Requirement
Return the lines of the listing below exactly as they appear, beginning at the one with "Hotel in Bardolino" and stopping after the one with "rigidez aburrido Corte"; do not include pictures.

Material provided
■ ■ ■ ■

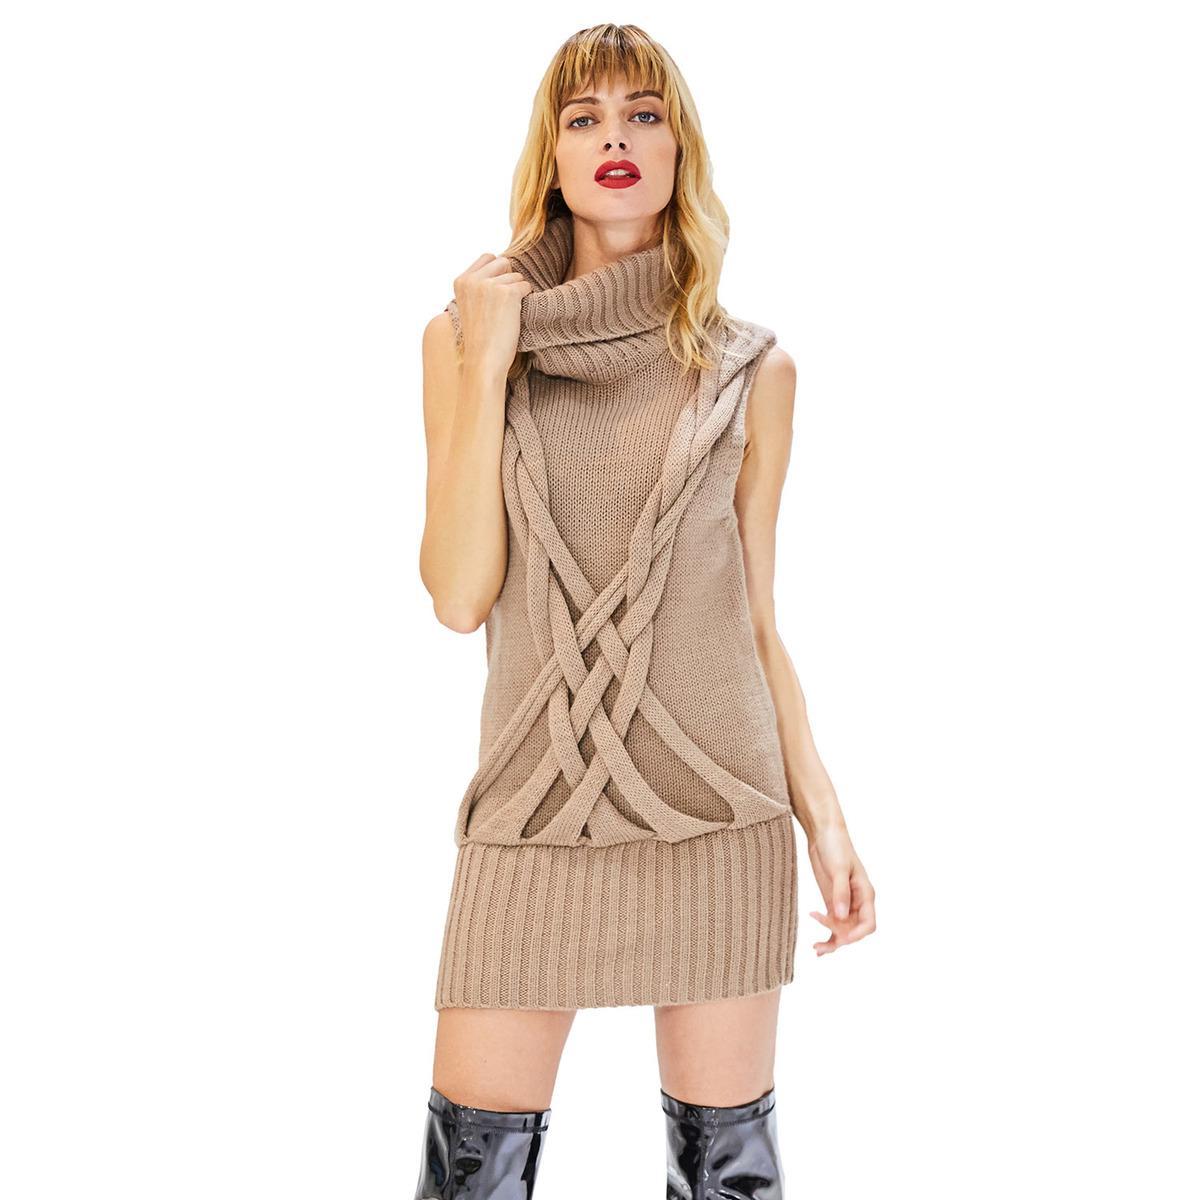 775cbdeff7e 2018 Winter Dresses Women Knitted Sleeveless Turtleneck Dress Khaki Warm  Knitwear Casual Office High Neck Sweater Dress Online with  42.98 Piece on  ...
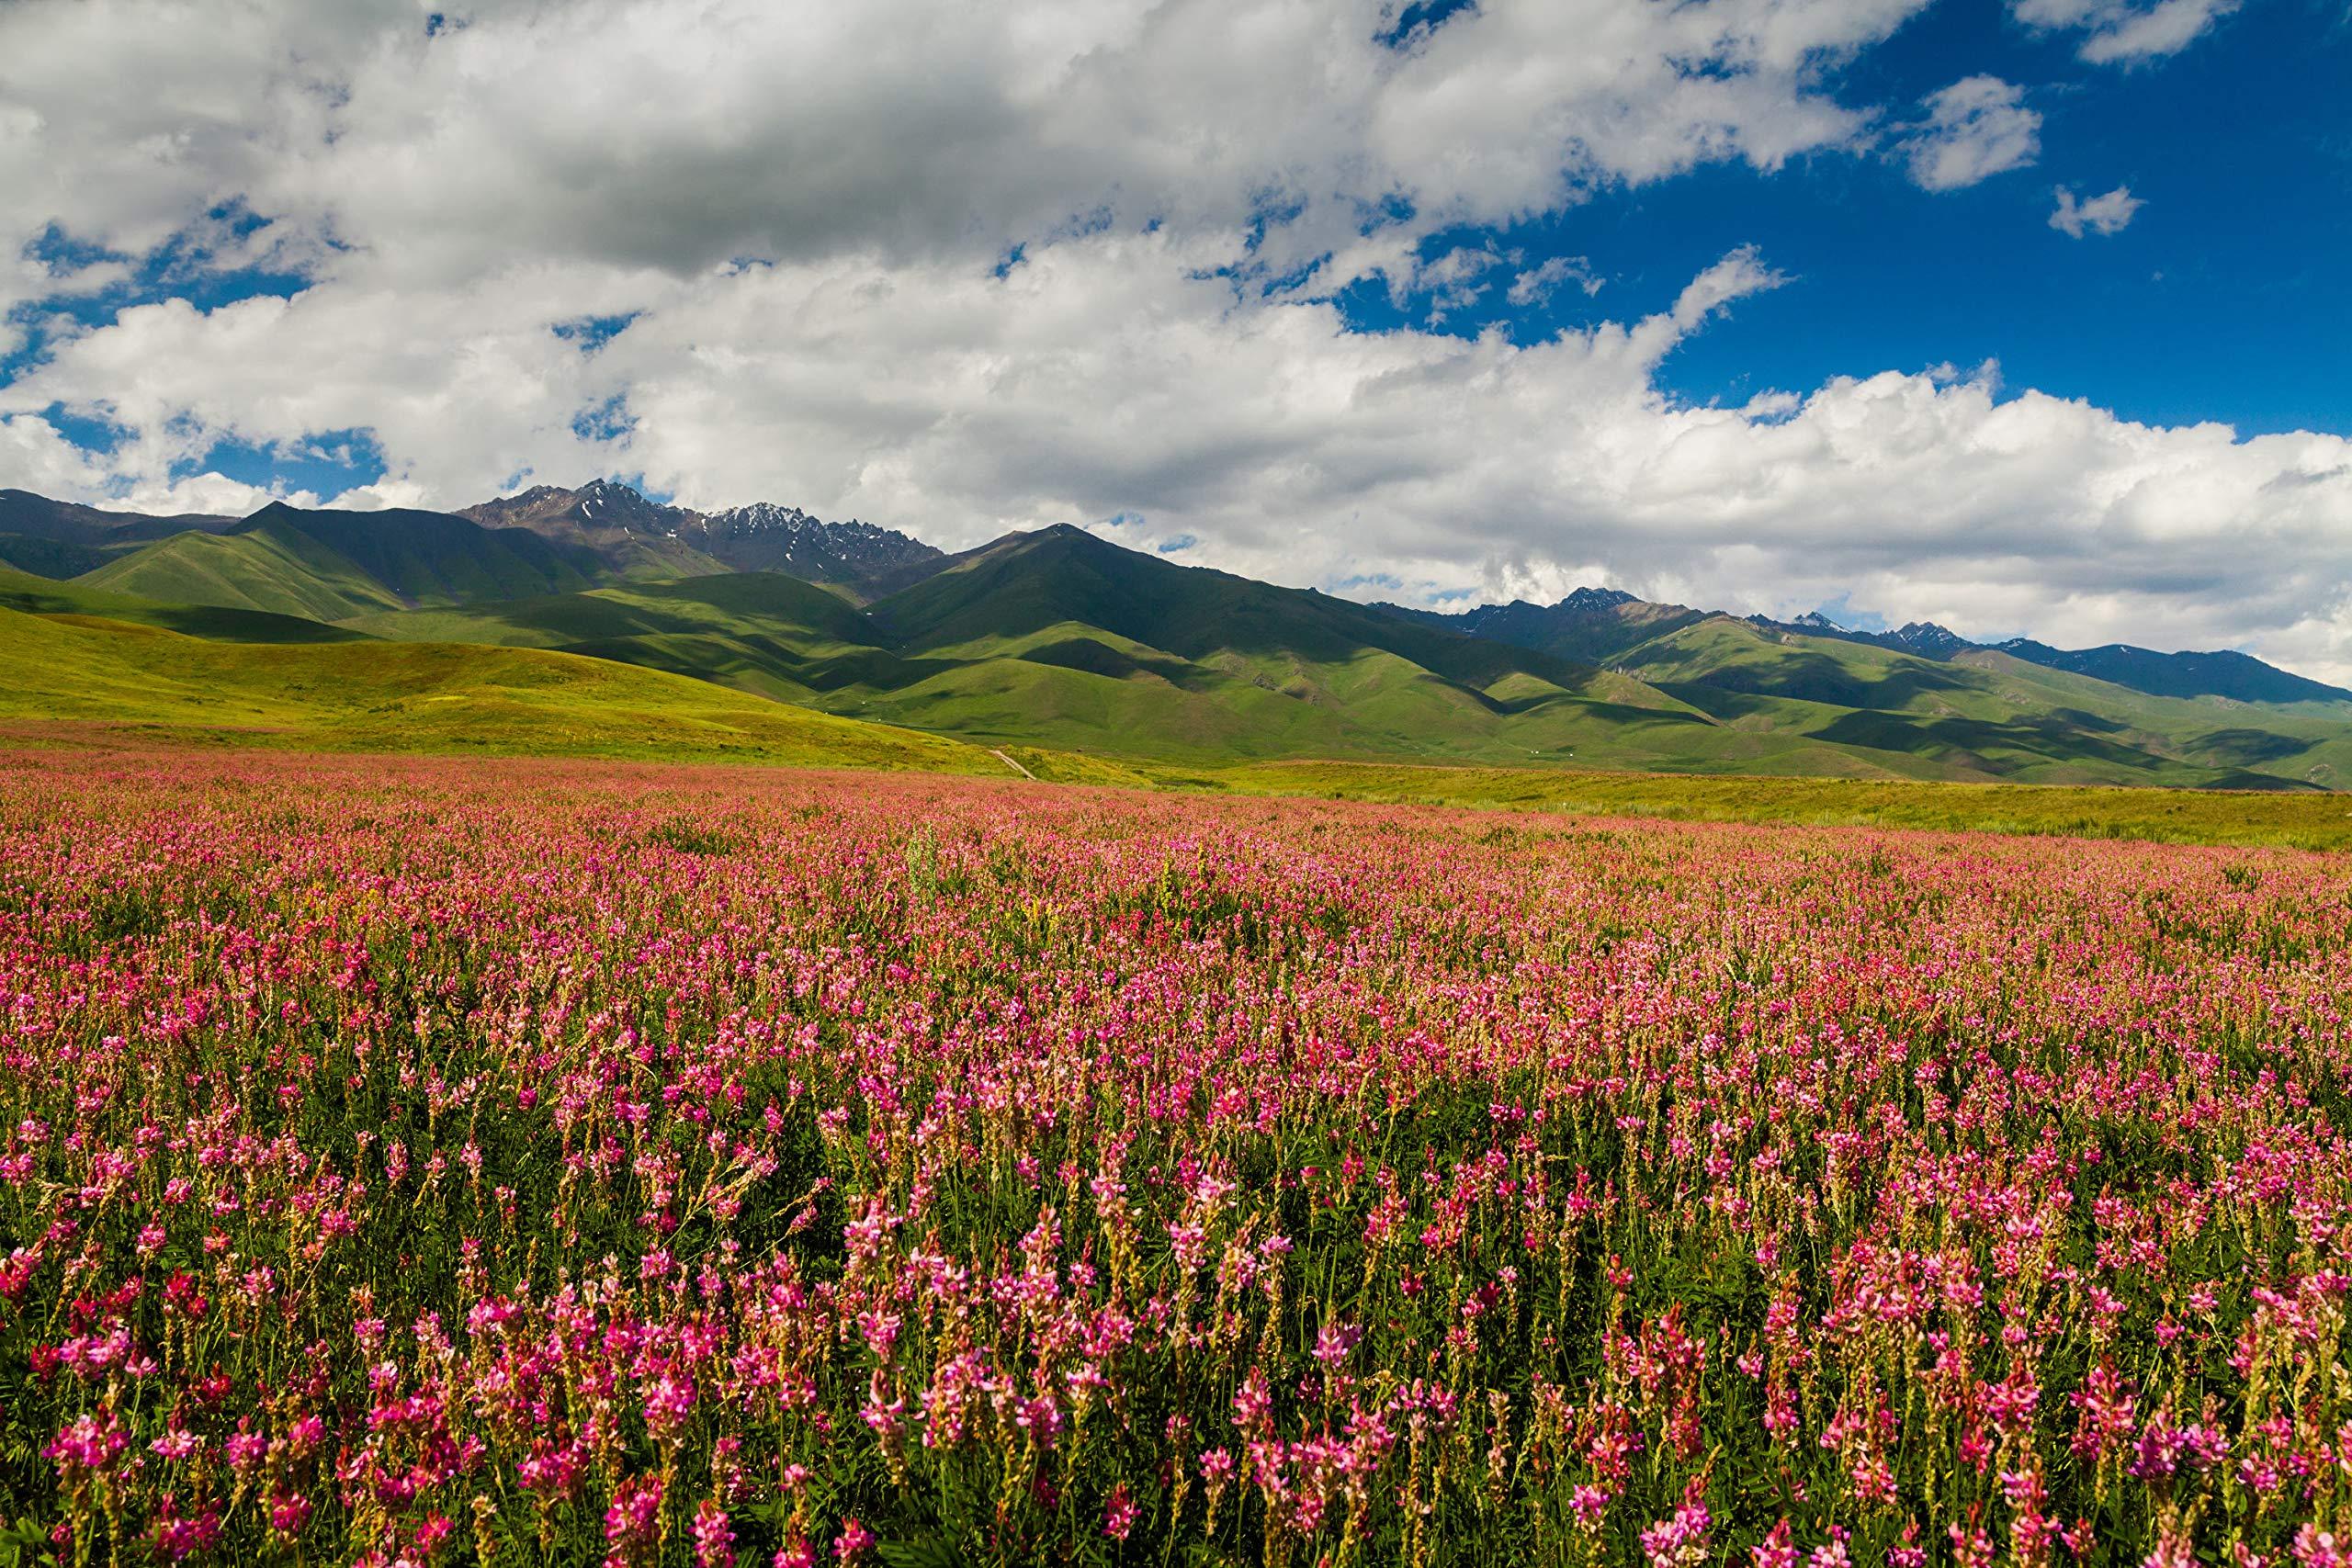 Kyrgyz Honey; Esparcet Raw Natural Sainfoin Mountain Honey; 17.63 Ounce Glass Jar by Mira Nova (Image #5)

■ ■ ■ ■

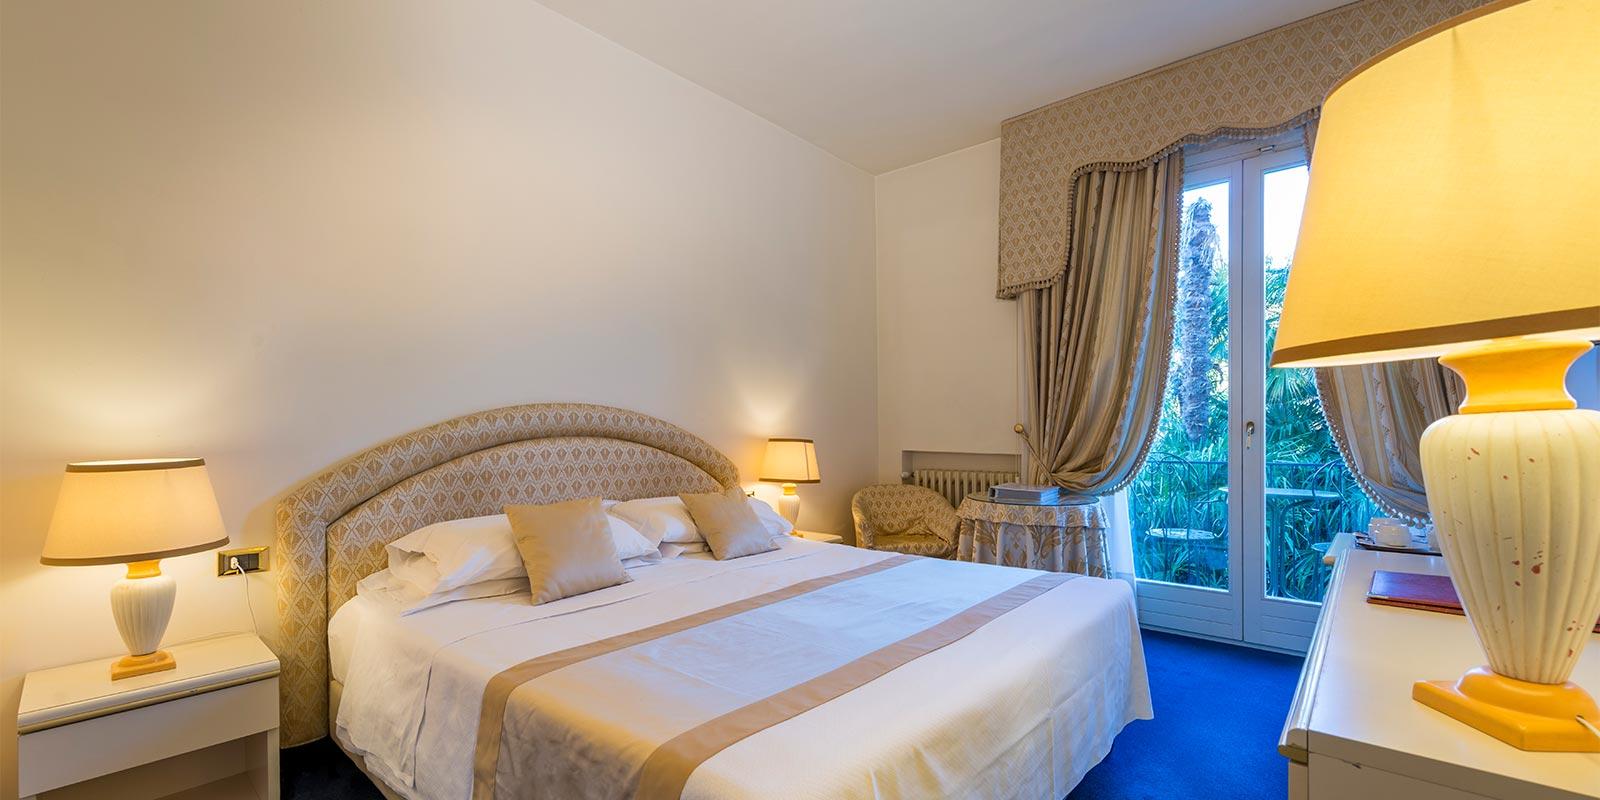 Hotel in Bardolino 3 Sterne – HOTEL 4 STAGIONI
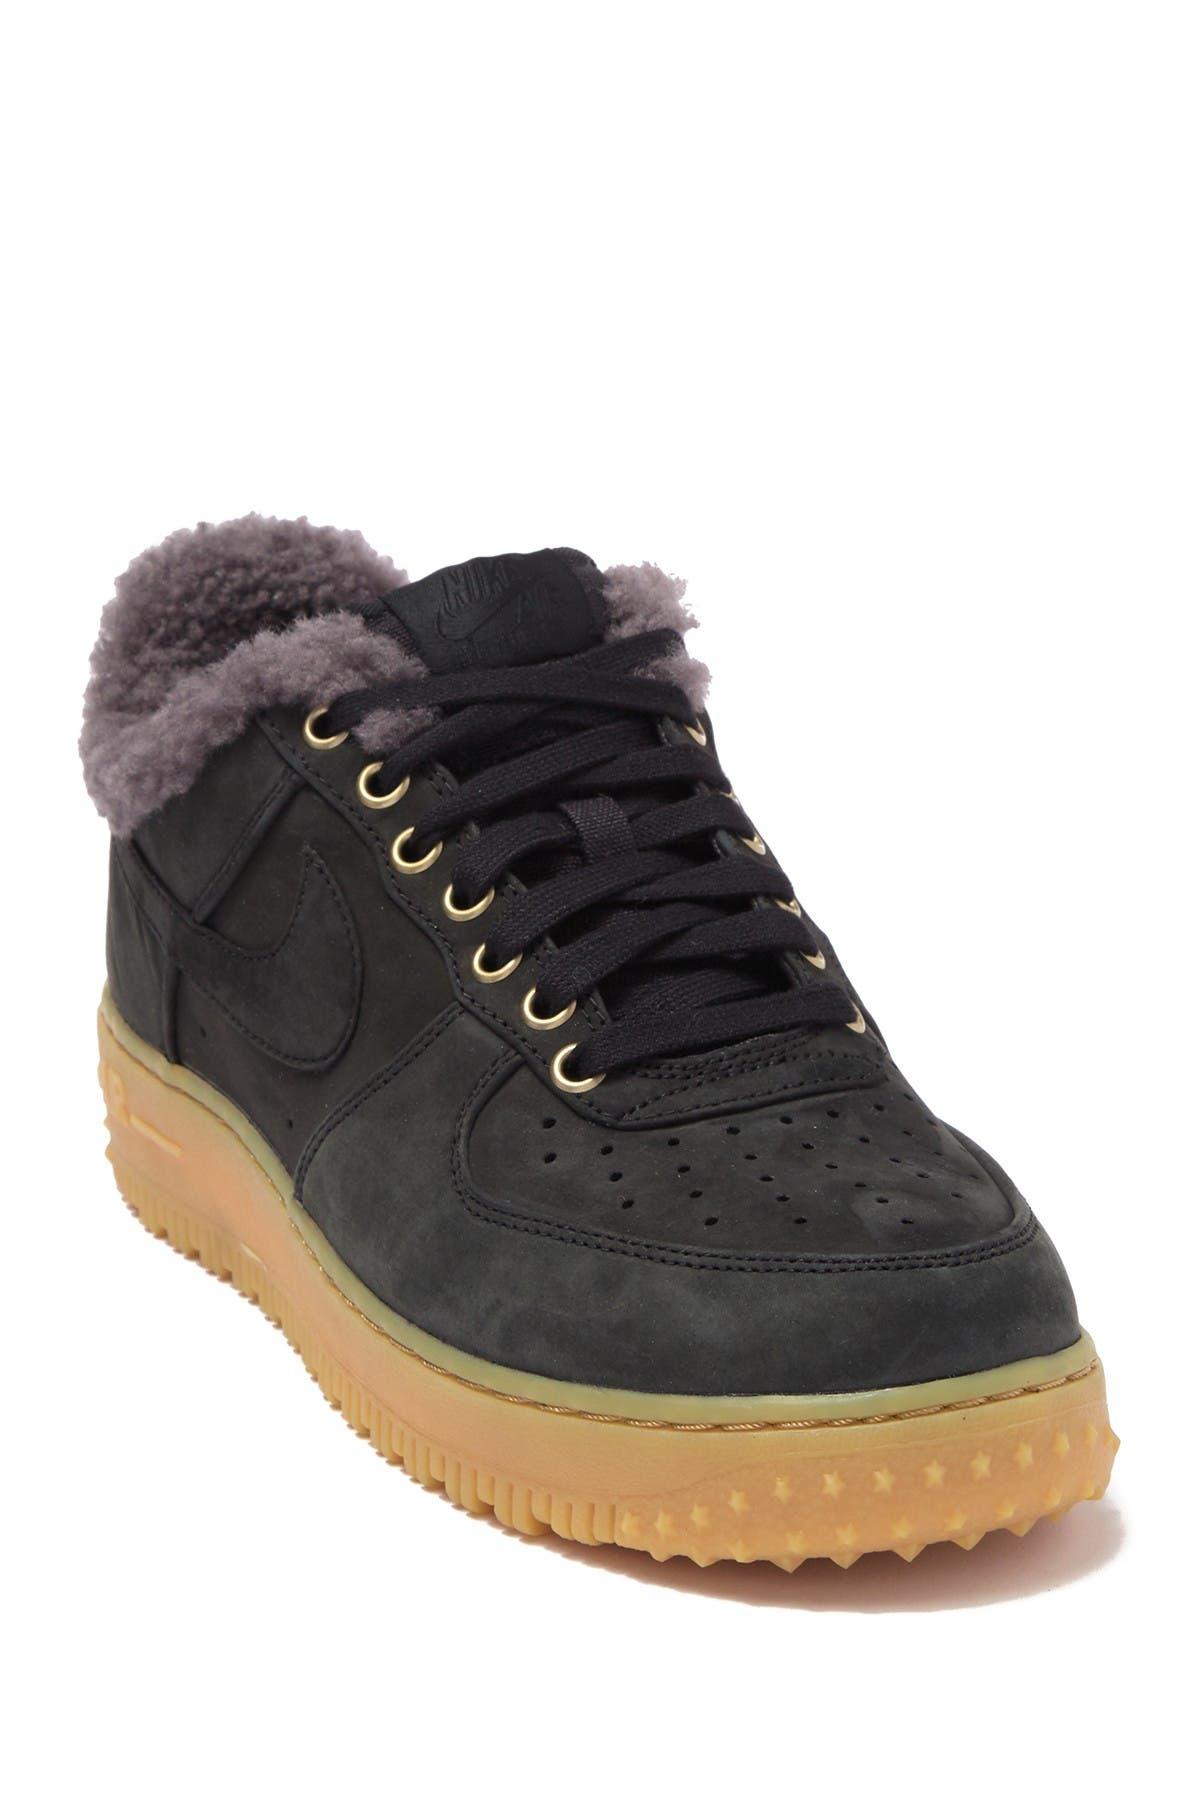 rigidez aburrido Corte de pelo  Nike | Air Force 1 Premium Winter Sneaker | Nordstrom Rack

■ ■ ■ ■

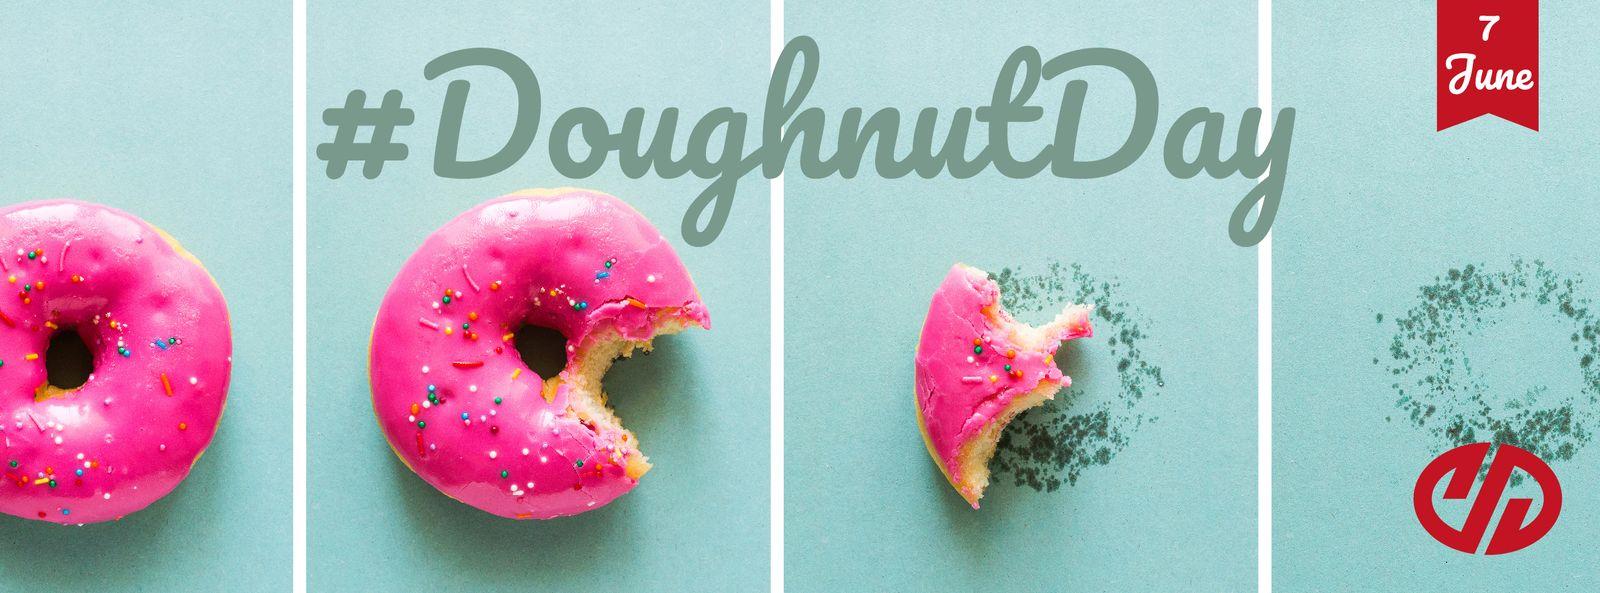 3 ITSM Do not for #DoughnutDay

■ ■ ■ ■

The answer
 Hotel in Bardolino 3 Sterne – HOTEL 4 STAGIONI
 rigidez aburrido Corte de pelo  Nike | Air Force 1 Premium Winter Sneaker | Nordstrom Rack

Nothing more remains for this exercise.